Furthermore, Energy Transfer is actively looking to profit from the crude glut by effectively transforming some of its pipelines into crude storage facilities. According to Bloomberg, ET has identified two pipelines it can use to store about 2 million barrels of oil.

Energy Transfer does have counterparty risk, of course. The fee agreements are only as good as the balance sheets of the companies obliged to pay them. But it’s worth noting that 81% of its counterparties are rated as investment grade and only 12% are rated below BB.

There is a very real risk of some of ET stock’s fee arrangements being renegotiated in bankruptcy court. But even that would seem manageable given the relatively low exposure to high-risk counterparties.

Energy Transfer Is Dirt Cheap

Energy Transfer’s distribution yield (the equivalent of a dividend yield for an MLP) recently hit all-time highs over 25%. Even after the  recent run-up in the stock price, the shares recently yielded more than 14%.

Yield isn’t the best measure of a stock’s valuation because distributions have a way of getting cut when times get tough. Though it’s worth mentioning that Energy Transfer recently reaffirmed its distribution and that is distribution coverage ratio was a healthy 1.96x as of year end.

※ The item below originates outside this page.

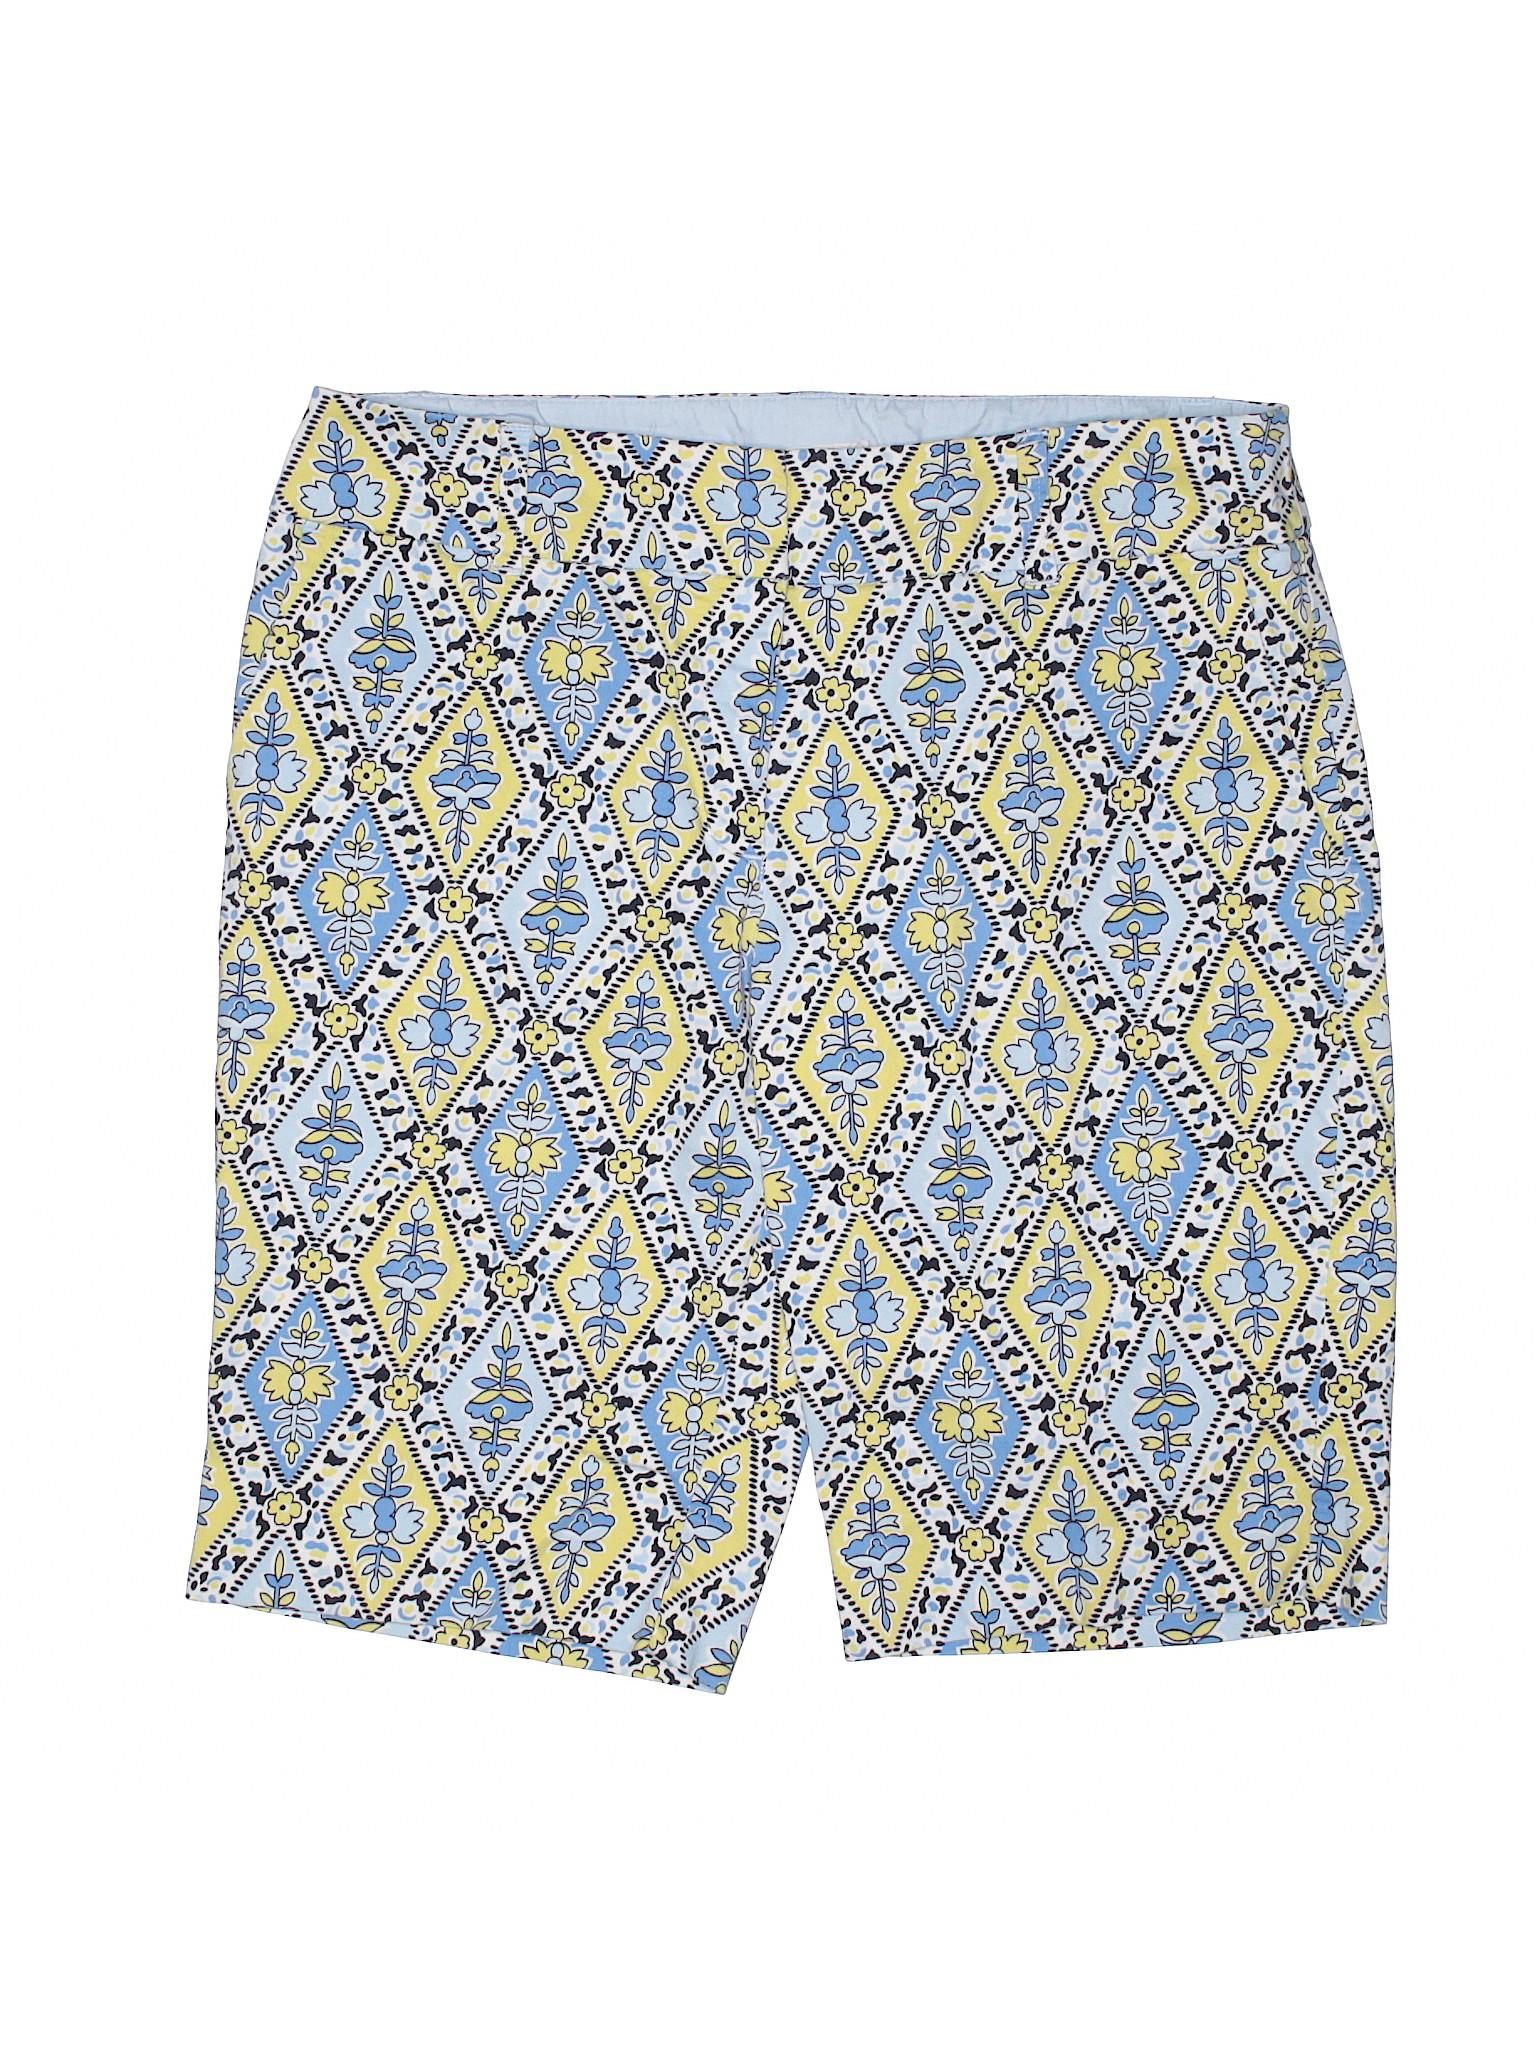 Harold's Shorts Boutique Harold's Shorts Shorts Boutique Harold's Boutique Boutique Harold's CwqfqXZ

Let’s forget about the yield for a minute and look deeper. Traditional metrics like the price/earnings ratio tend not to work particularly well for MLPs, as high non-cash expenses tend to distort earnings. But we can use alternative metrics, such as enterprise value to earnings before interest, taxes, depreciation and amortization (EV/EBITDA).

By this metric, Energy Transfer has never been cheaper. The company is trading at a EV/EBITDA ratio of 6.7, less than half the valuation seen for most of 2018.

Cheap stocks can always get cheaper, of course. But there could be some catalysts later this year that will finally shake Energy Transfer out of its funk.

Conversion to C-Corp in the Works?

No one likes MLPs. The structure is confusing and cumbersome, they issue K1 forms that make taxes a beatdown, and limited partners generally don’t have the the same rights as proper corporate shareholders. Many institutional investors are forbidden from investing in them. And the only reason a lot of investors were willing to put up with all of this was the favorable taxation. Limited partnerships avoided corporate taxation, but even this is less favorable now that corporate taxes have been slashed from 35% to 21%.

All of this partly explains why true MLPs like Energy Transfer have performed worse than substantially similar C-corp pipeline operators like Kinder Morgan (NYSE:KMI).

Well, there may be changes afoot. During the February 19 investor call, Chairman Kelcy Warren said that the company would be offering a “C-corp alternative” later this year.

We’ll see. Warren has teased us with this possibility before, and we’re still waiting on it. But should it happen, it should mean a nice pop to the share price. As a point of reference, Kinder Morgan trades at a EV/EBITDA ratio of 10.7, while Energy Transfer’s stands at 6.7.

In the meantime, Energy Transfer offers a yield of nearly 20% that seems safe for the time being. Even if the price continues to lag for a while, the yield alone would make the shares wildly attractive.

Charles Lewis Sizemore, CFA is the principal of Sizemore Capital, an investment advisory firm based in Dallas, Texas. As of this writing he was long ET and KMI.